“Riding very slowly, I eventually made it out of the forest and started to climb the bare part of the Ventoux. The air was cold but I was hotter than ever from the effort.”

THE CHALLENGE

Every morning, we’d wake up at sunrise to ride in the brisk morning air, enjoying the early light gleaming on the landscapes. It was always so quiet. All we could hear was the sound of the carbon Zipp wheels gliding on the asphalt. At every turn, every corner we rode, we would distinguish new bewitching views: a gorge stuck between two mountains, a cliff overhanging a sinuous road, a tunnel dug into the rock…all landscapes we weren’t accustomed to experiencing.

Riding every day along the hills and crests, once in a while we’d catch sight of a barren peak in the distance. Even from far away, Mont Ventoux is easily recognizable. I was still recovering from an Achilles tendinitis and wasn’t sure my heel could handle climbing the Giant of Provence. But as the days went by, it became clear to me that I wouldn’t leave this enchanting region without at least giving it a try.

As we drove closer to the famed mountain, I started to feel a pang in my stomach: not only was I very excited, I was also genuinely nervous. We reached Bédouin just after sunrise and my heart was racing like never before: Ventoux had been my goal ever since I had started cycling, and here I was, at its foot, ready to take on the mythical challenge. We parked the car, took out the bikes and quietly savored the atmosphere while putting on our winter clothing—a chill was lingering in the valley.

The first few miles were already slightly uphill. With no time to warm up on flat roads, my legs started aching from the very beginning. Because I get hot very quickly when I’m exercising, I had to take off my jacket and leg warmers before the road got steeper. I was disappointed, because I felt like I didn’t have good legs. At that point, climbing for another 20 kilometers, with even higher elevations and steeper percentages, seemed utterly impossible.
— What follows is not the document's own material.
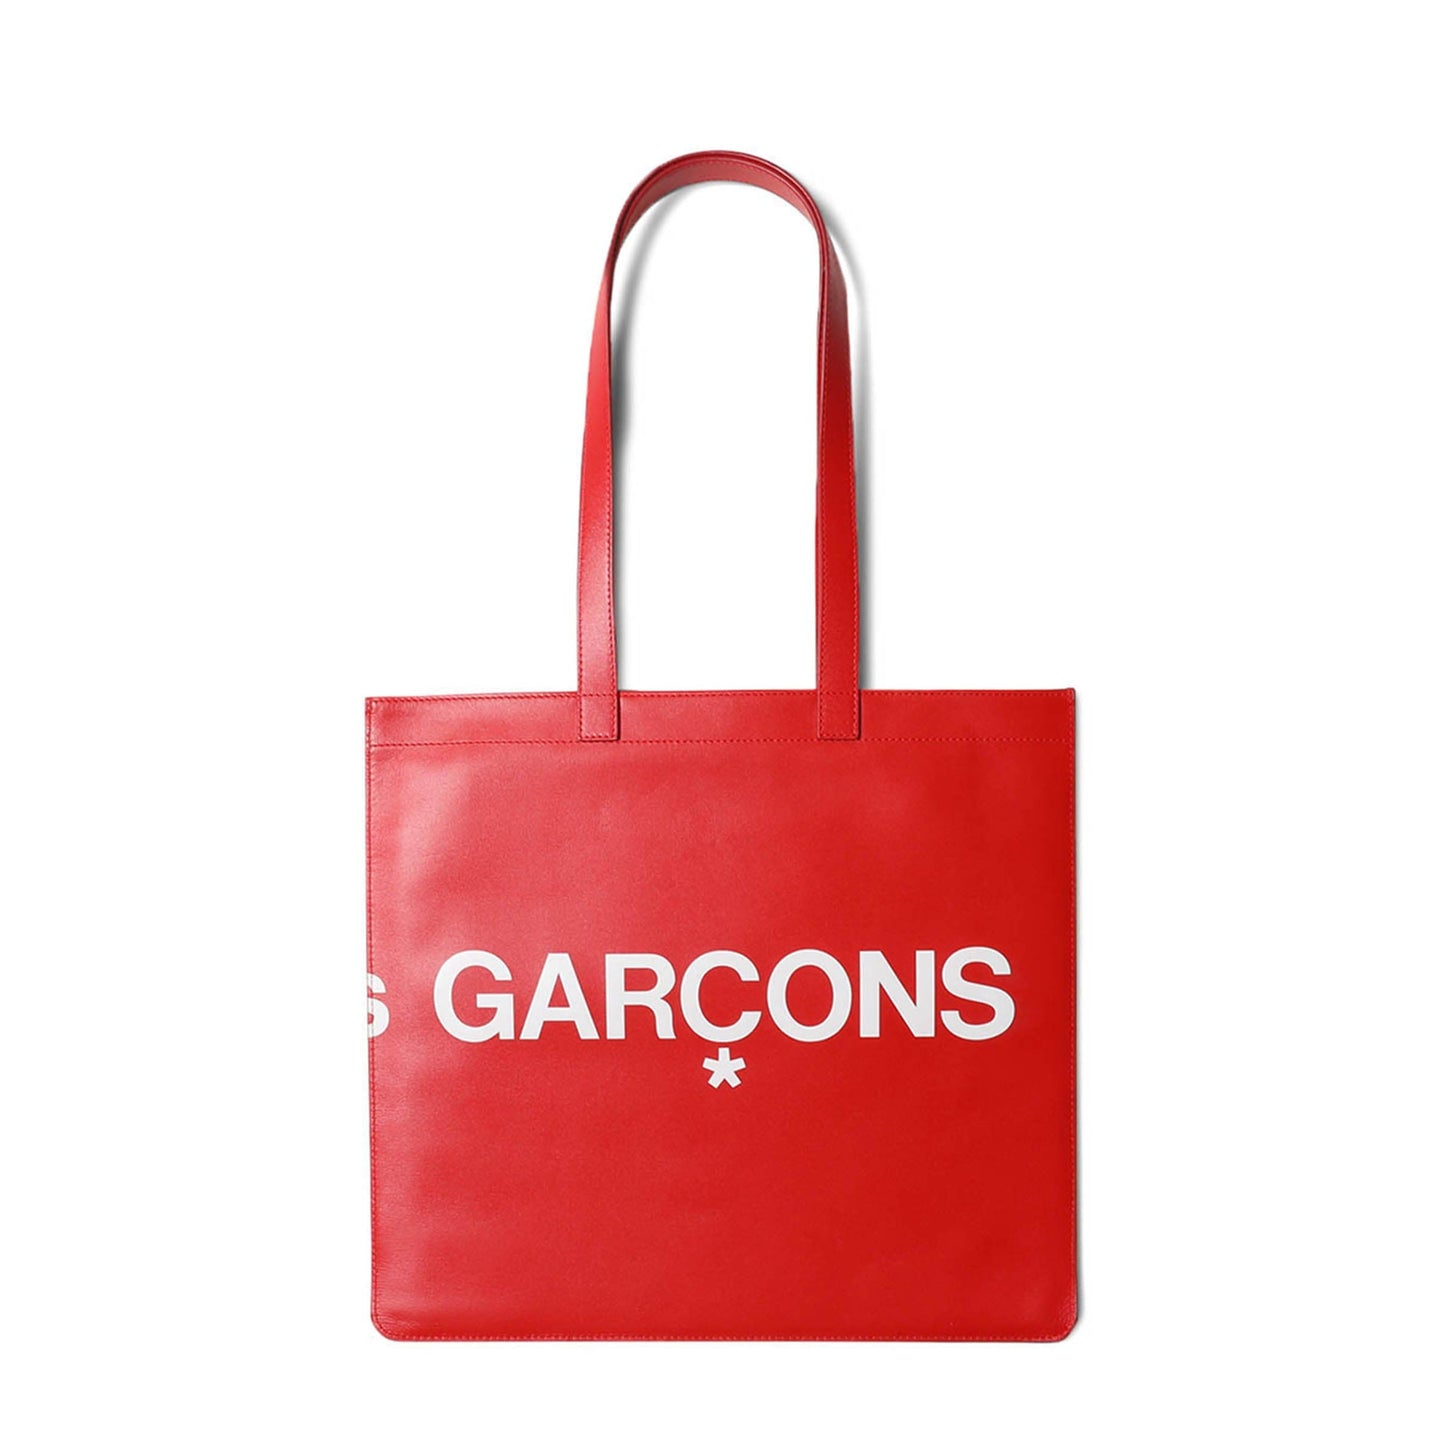 Comme Des Garçons Wallet Bags RED / O/S HUGE LOGO

This feeling eventually wore off as my thigh muscles warmed up and I realized that, even if the climb was becoming impressive, my legs were still spinning. And so I climbed, first with Romain by my side, then on my own after my riding mate increased his speed and I could no longer keep up with him. The scenery was magical. The forest was so peaceful and all I could hear was the sound of my wheels in tune with my heavy breathing. My legs were aching as never before but my tendon was all right and so I had no excuse to give up. As hard as it was, I just couldn’t back down—I had come all the way to take on this summit, and that’s what I was going to do.

The forest section felt like hell. My legs were numb from the pain and looking down at my speed was not very encouraging. Riding very slowly, I eventually made it out of the trees and started to climb the bare part of Mont Ventoux. The air was cold but I was hotter than ever from the effort. I was pleased to realize that my Assos kit was as comfortable as it looked and that my sweat dried off before it could bother me. On this barren part of the mighty Ventoux, the view was simply stunning.

Arriving at Chalet Reynard, I was glad to see the road seemed a little less steep. I kept on going, and reaching the top didn’t seem impossible anymore. The summit was now in sight, which helped me find the strength to continue even when my whole body ached. I just had to keep those legs spinning. I had a couple of kilometers left to climb when I saw Romain riding back down. He stopped, turned around and we ascended the rest together.

After the final hairpin, the climb became extremely hard again. It helped having a companion alongside—even though it felt unfair that the climb didn’t seem as hard for him as it was for me. The last 30 meters were excruciating. I pushed on the pedals with all the strength left in me. I was panting so heavily that when I did reach the famous “Sommet du Mont Ventoux” sign, the other cyclists were all staring at me. It was worth the effort though. There are no words to express what I felt like at the top. I had completed the goal that had been driving my cycling adventures for close to a year. I had done it! I had climbed Ventoux! Challenge complete!